Figures 13a and 13b predict a severe prognosis, while Figures 13c and 13d indicate a non-severe prognosis. The attributes are arranged based on their descending order of importance. The plots show that the most critical markers are albumin, D-Dimer, LDH, CRP, basophils, protein, AST, SPO2, and lymphocytes.
According to Eli5, the most crucial attributes are albumin, urea, lymphocytes, CRP, NLR, and basophils count. This explainer considers the “bias” (error rate).
The most important markers are lymphocytes, CRP, and D-Dimer, as determined by Anchor.

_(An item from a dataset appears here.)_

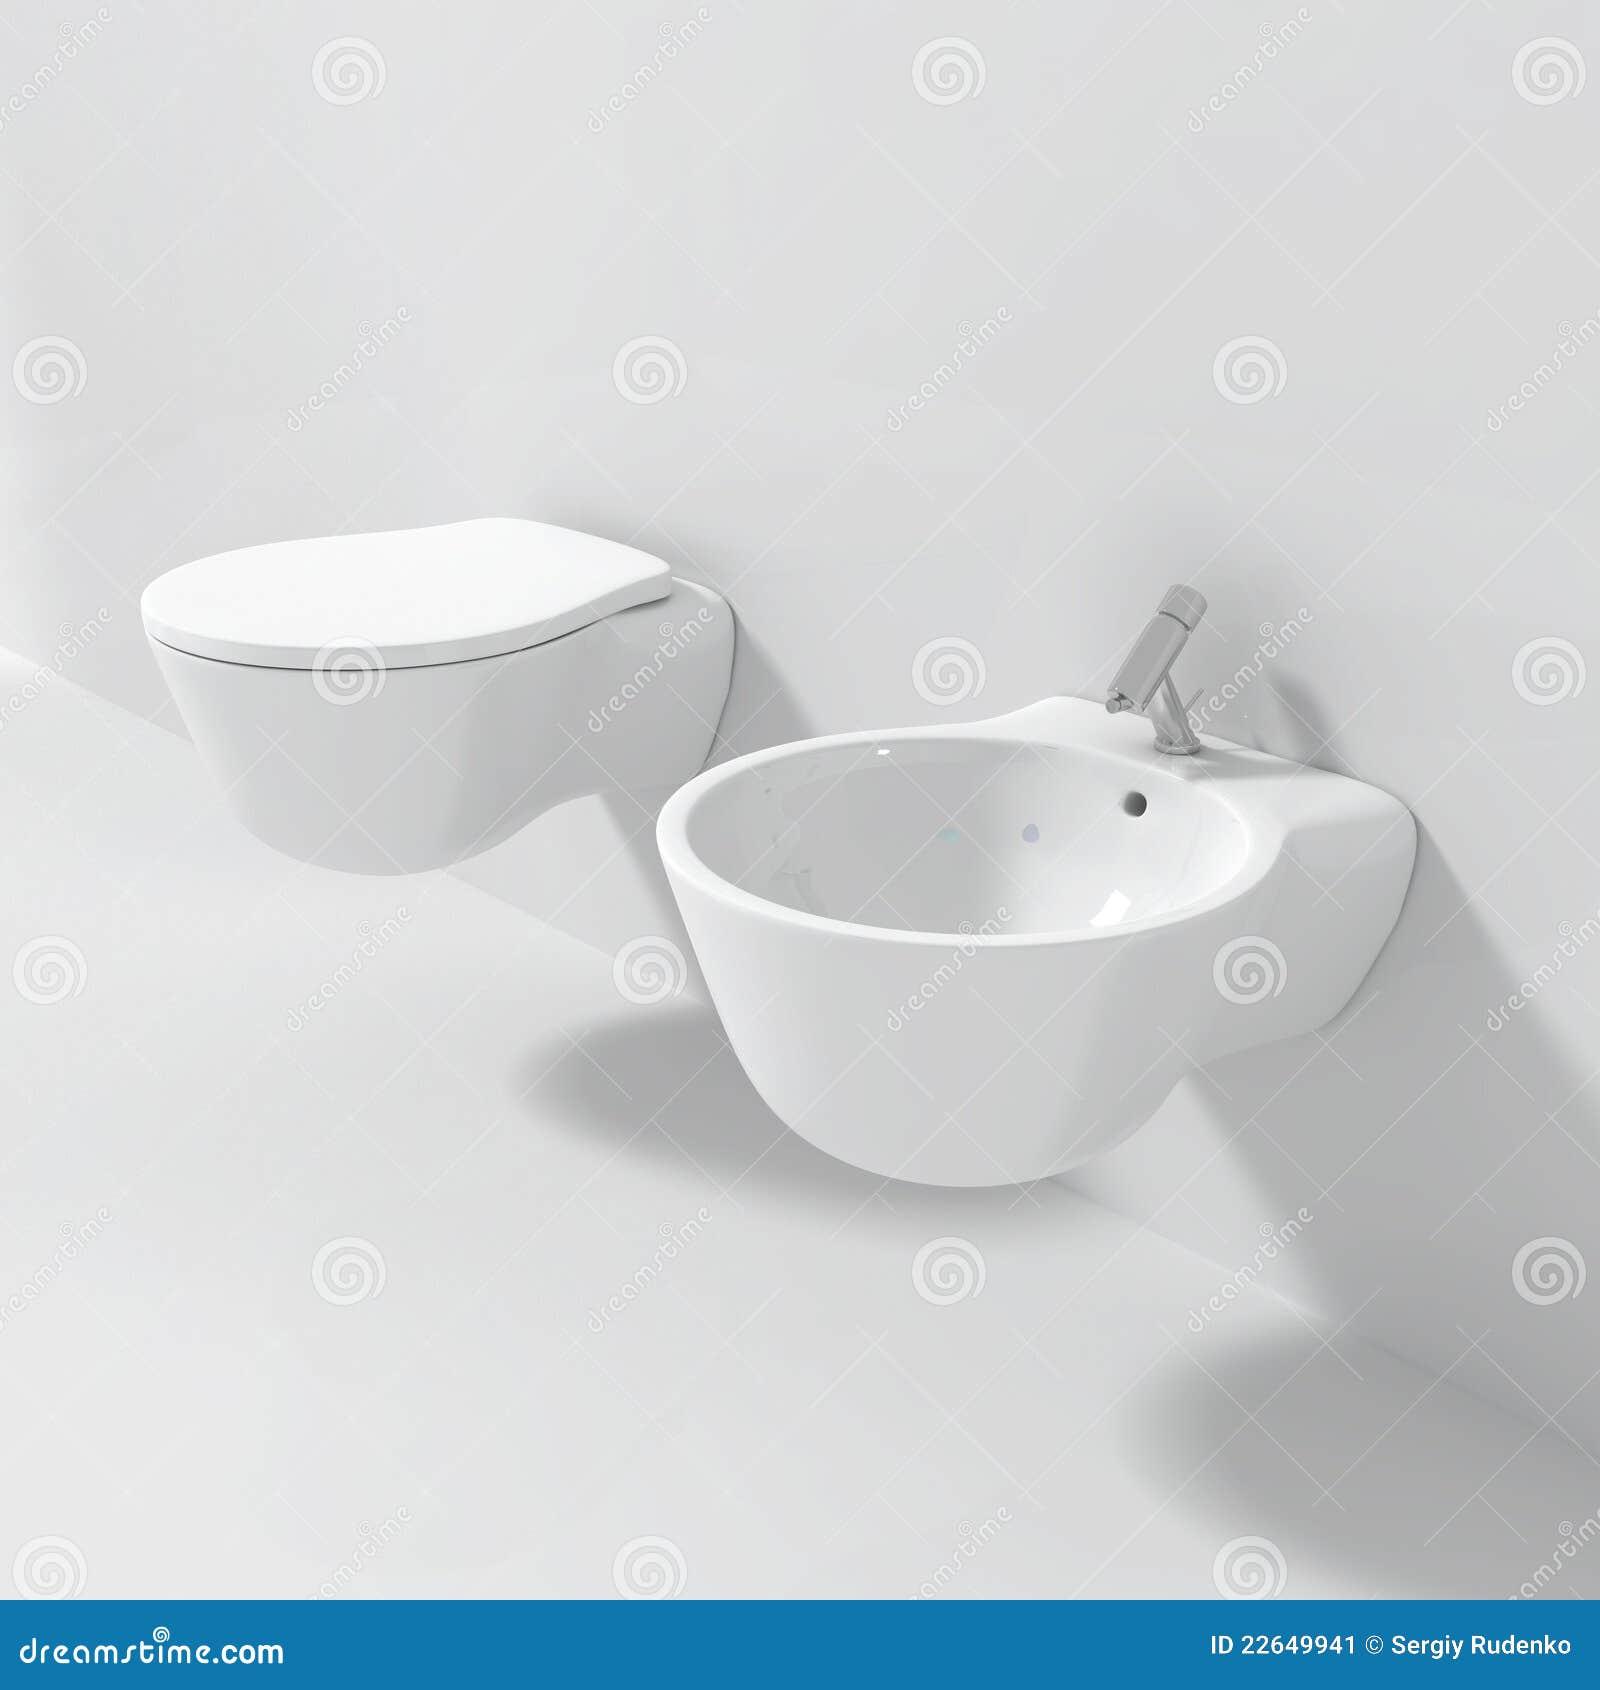 si ge de toilette moderne de bidet image stock image 22649941. Black Bedroom Furniture Sets. Home Design Ideas

The most critical markers are basophils, albumin, lymphocytes, CRP, D-Dimer, neutrophils, protein, and NLR, as determined by QLattice.
Discussion
Our findings demonstrate that machine learning and deep learning classifiers can predict COVID-19 severity with high accuracy. The stacked model achieved the best results, with a precision of 94%, recall of 93%, and accuracy of 90%. The bat algorithm, flower pollination algorithm, and Jaya algorithm also performed well.
The XAI techniques we employed successfully interpreted the models’ predictions and identified the most critical features contributing to COVID-19 severity. The most important features were CRP, lymphocytes, basophils, albumin, D-Dimer, protein, AST, SPO2, and NLR.
This study contributes to the development of predictive models for COVID-19 severity, aiding clinicians in identifying patients at high risk of severe disease and enabling them to provide timely and appropriate care.